We’ve just heard an unexpected tale from New Zealand where breastfeeding campaigners have stopped an advert showing rugby star bottle-feeding his baby.

Piri Weepu, an international rugby player who won the World Cup with the All Blacks in 2011, got caught in a media storm when outraged “lactivists” demanded that scenes of him bottle-feeding his 6-month old daughter, Taylor, be cut from a Government ad campaign.

The campaigners, from La Leche League, persuaded the country’s Health Sponsorship Council to edit the image out of the ad with their chief executive Alison Stanton saying the advert showed those behind the funding and making of the commercial “do not understand the issues around promoting, protecting and supporting breast-feeding” according to reports from New Zealand.

Although the ad was never aired, it seems La Leche may themselves have something to learn about “promoting, protecting and supporting” breast-feeding as the decision generated a flurry of negative media headlines and “outraged” both Piri’s supporters and families all over the country who had used formula were outraged according to New Zealand’s Natural Parenting magazine.

According to one marketing expert writing in The American Thinker the move to control the message on breastfeeding has damaged the important cause La Leche League exists to promote.

He said: “This story has appeared on the Today Show, on MSNBC’s website, and on more than 6,000 internet sites around the world, tarring La Leche Leagues worldwide with an extremist brush. While it “won” the issue, New Zealand’s La Leche League is now caught up in a publicity firestorm.  It’s too soon to know just how much this has hurt the cause of breastfeeding — not to mention the advocate groups’ ability to raise money, in the U.S. and around the world, as well as in New Zealand.”

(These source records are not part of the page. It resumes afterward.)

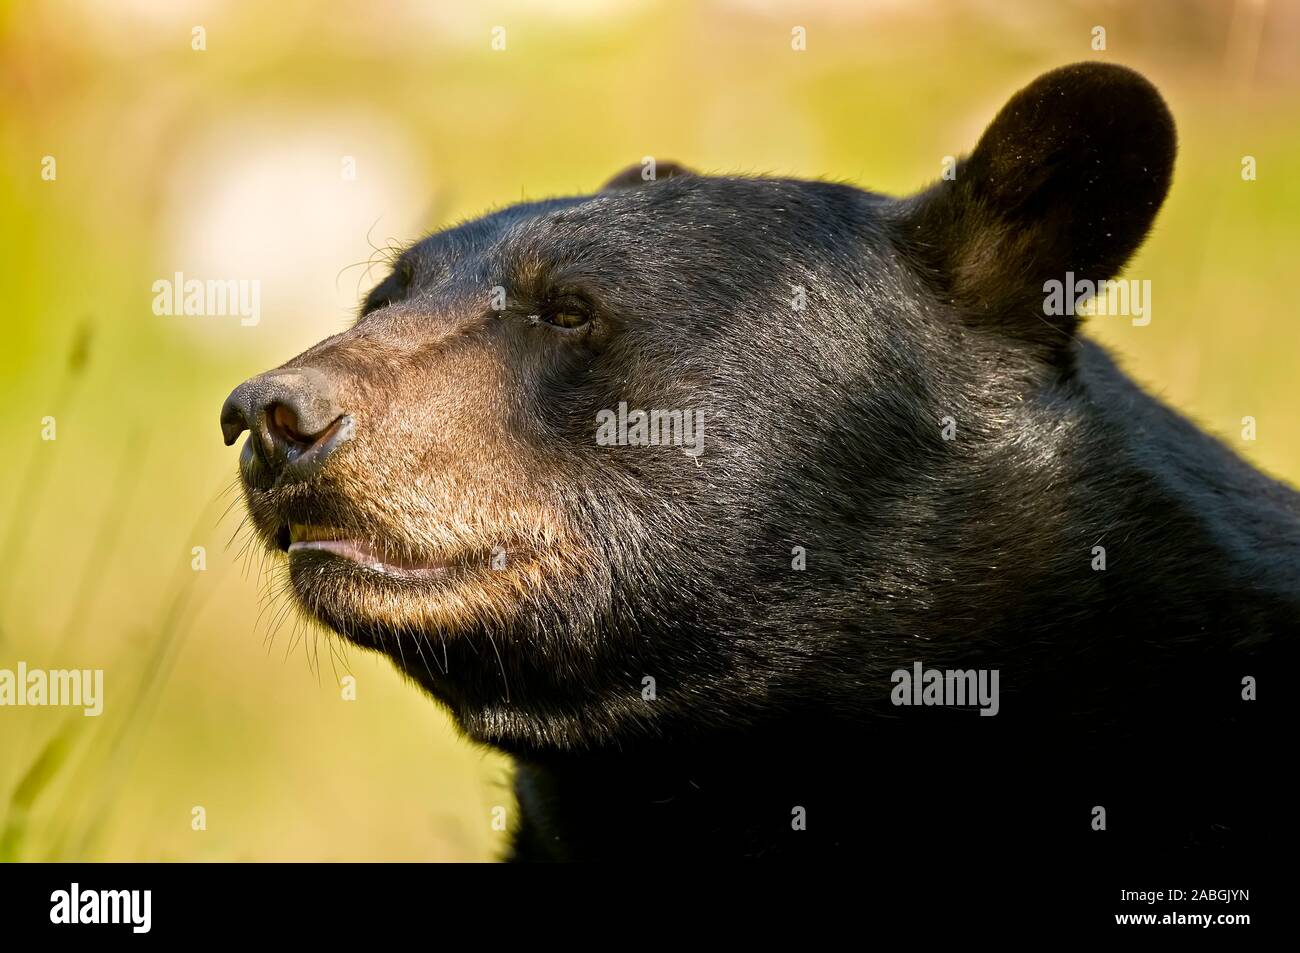 Un retrato de oso negro, el oso mirando hacia la izquierda. Foto de stock
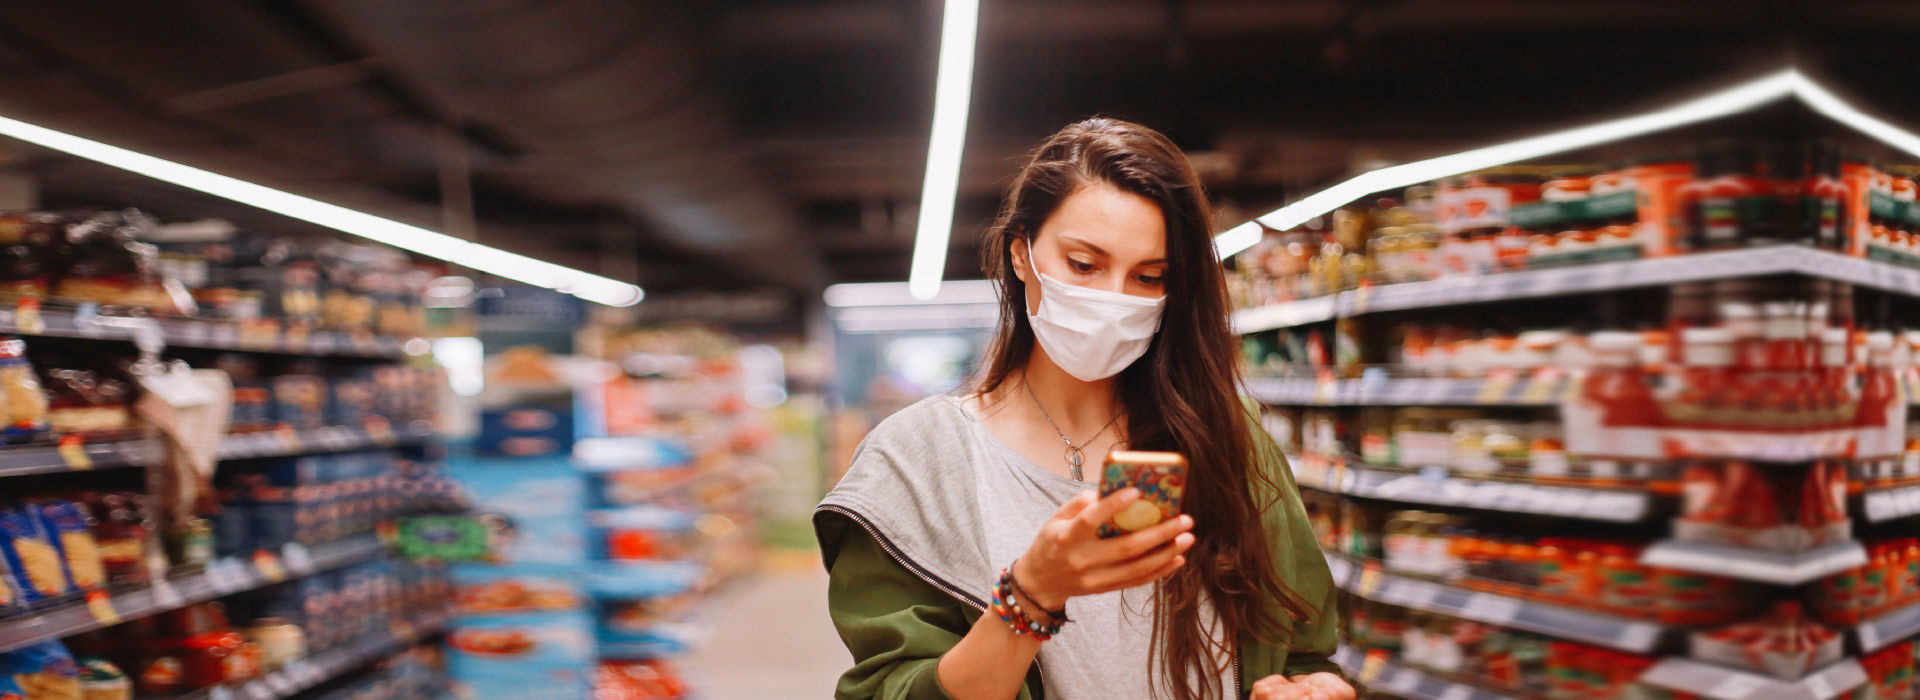 Mujer con mascarilla de compras con su celular en el supermercado
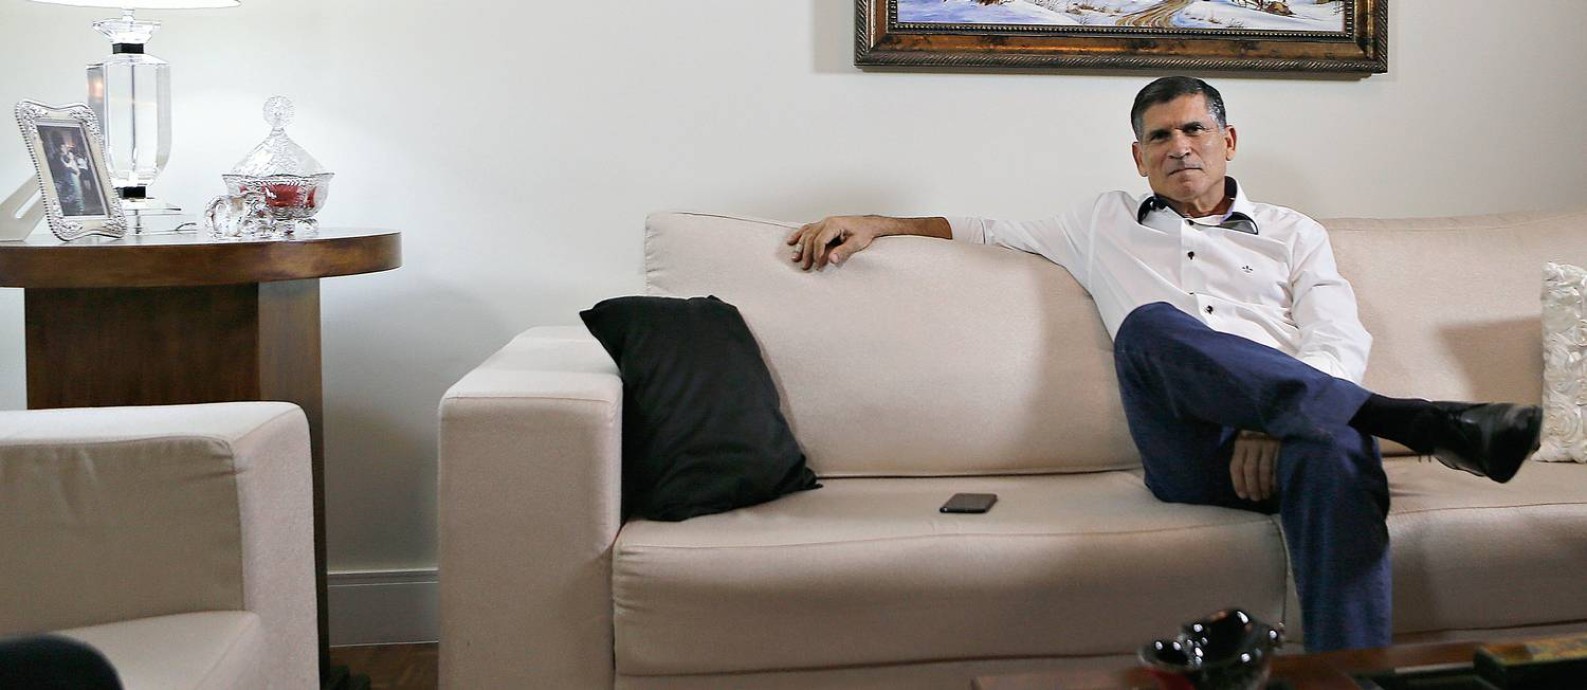 O general Santos Cruz em sua casa em Brasília na terça-feira 18. “Não vou apontar o dedo para ninguém”. Foto: Jorge William / Agência O Globo

According to Suzanne McFadden in The New Zealand Herald:

“Weepu was blasted last month for feeding his baby daughter” and “pro-breastfeeding groups, in turn, were stiff-armed for their ‘anti-father sentiment’.” Opinion on parenting forums was divided between “mums who applauded a dad helping out and others who felt an All Black hero…..could have a negative influence on breastfeeding”.

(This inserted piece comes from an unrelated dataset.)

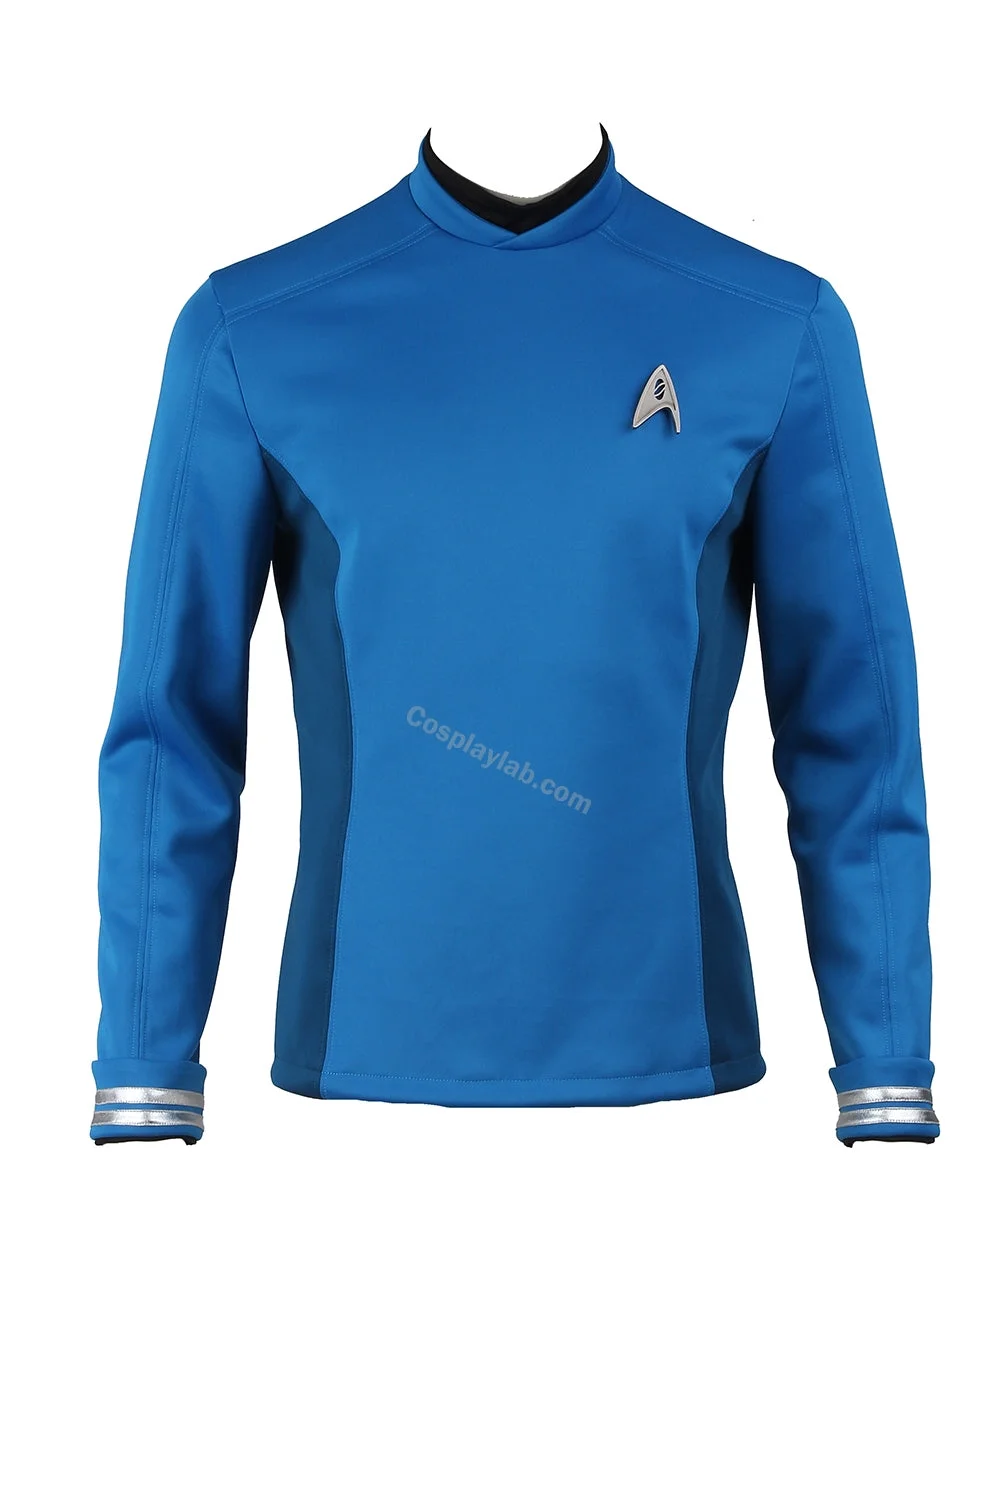 Leonard McCoy Bones Cosplay blue man Jacket Star Trek Beyond Costumes Hoodie Sweat Shirts

What makes the story all the more unusual is that the advert was nothing to do with feeding babies, but an advert to encourage people to stop smoking.

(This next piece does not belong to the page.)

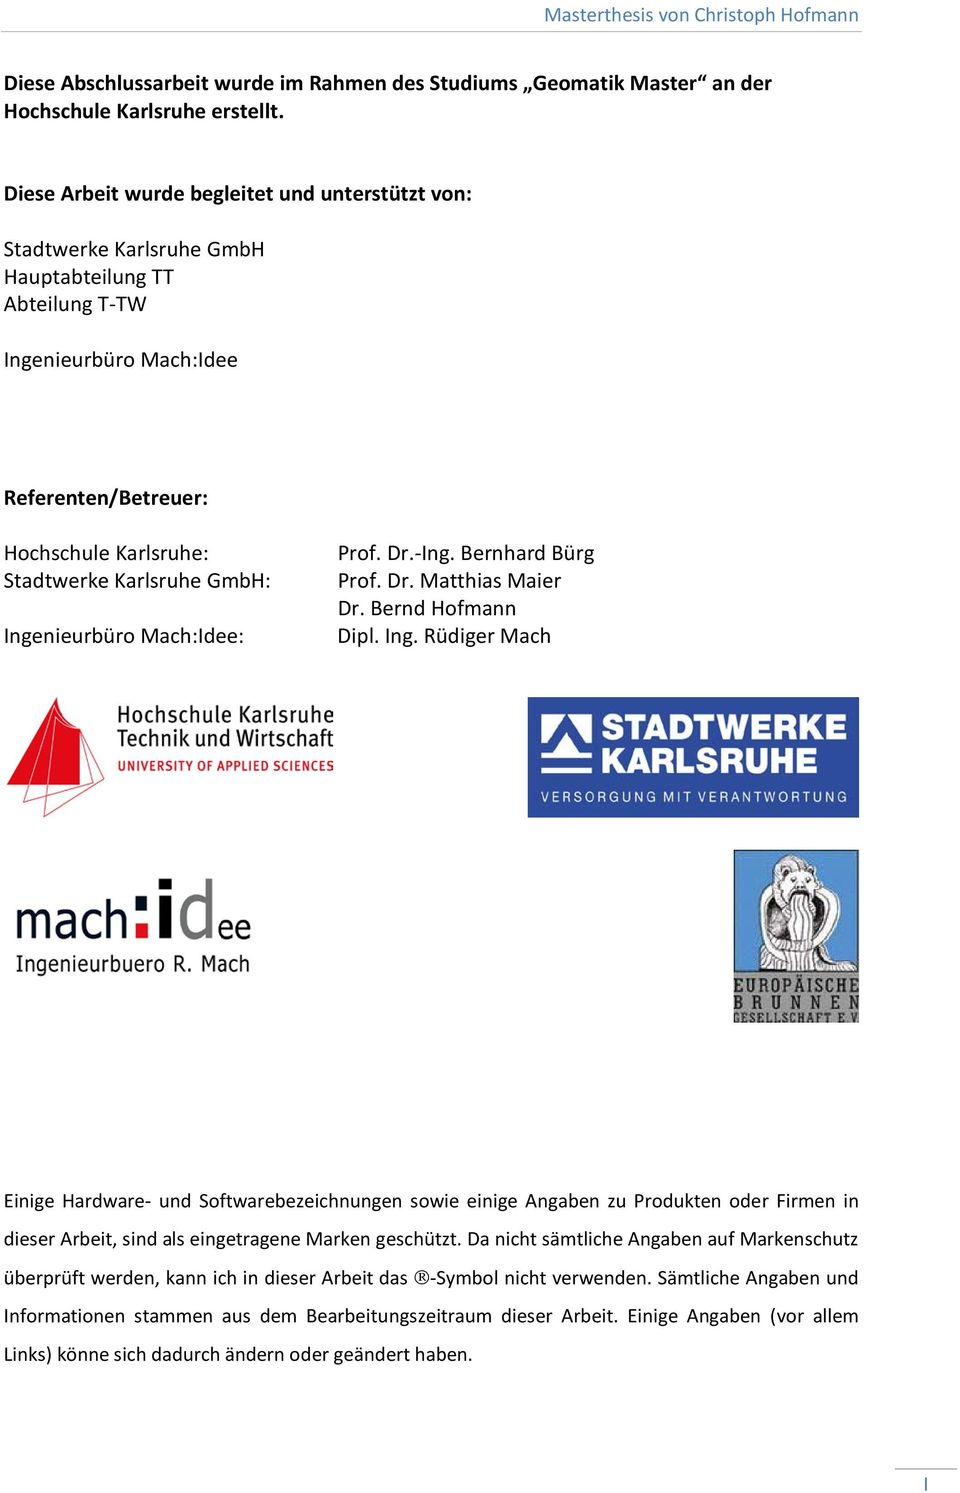 GmbH: Ingenieurbüro Mach:Idee: Prof. Dr.-Ing. Bernhard Bürg Prof. Dr. Matthias Maier Dr. Bernd Hofmann Dipl. Ing. Rüdiger Mach Einige Hardware- und Softwarebezeichnungen sowie einige Angaben zu Produkten oder Firmen in dieser Arbeit, sind als eingetragene Marken geschützt.

One commentator, Michele Zipp, a mother 0f two, said:

“This stirs up not just a bottle-feeding versus breastfeeding debate, but it feels terribly anti-father. I cannot help but feel really disappointed in La Leche League. I don’t feel anything about a man bottle-feeding his baby is anti-breastfeeding. He can’t breastfeed even if he wanted to. And for all any of us know, there was breastmilk in that bottle.”

Pat Tuohy the Health Ministry’s chief adviser, said: “Piri by all accounts is a great dad and a terrific guy. Probably of all of the people who’ve been damaged he’s probably had the hardest time in all this because he’s just been doing what any dad would do in his situation and good on him.”

And one dad commenting on Facebook said: “I bottle fed both of my kids because my wife didn’t produce enough milk to satisfy their hunger and felt that I bonded with them in a special way as a result. A guy looking after a child is a beautiful thing to see. Seriously what the hell goes through these people’s brains?”

Now a new campaign to get the bottle-feeding scenes re-instated has started on facebook – click here to find the page.

To read different views on this story see:


Glen Poole is UK co-ordinator for International Men's Day, Director at the consultancy Helping Men and news editor of insideMAN magazine. Follow him on twitter @HelpingMen or find out more about his work at

Posted in NEWS
15 comments on “Breast is Best campaigners censor bottle-feeding celeb dad
  1. Denis Stanton says:

    Nobody from La Leche League criticized Piri Weepu or communicated with him in any way. A New Zealand tabloid wrote a false headline “All Black Dad warned” and various blog sites have further embellished the words around an event that didn’t actually occur.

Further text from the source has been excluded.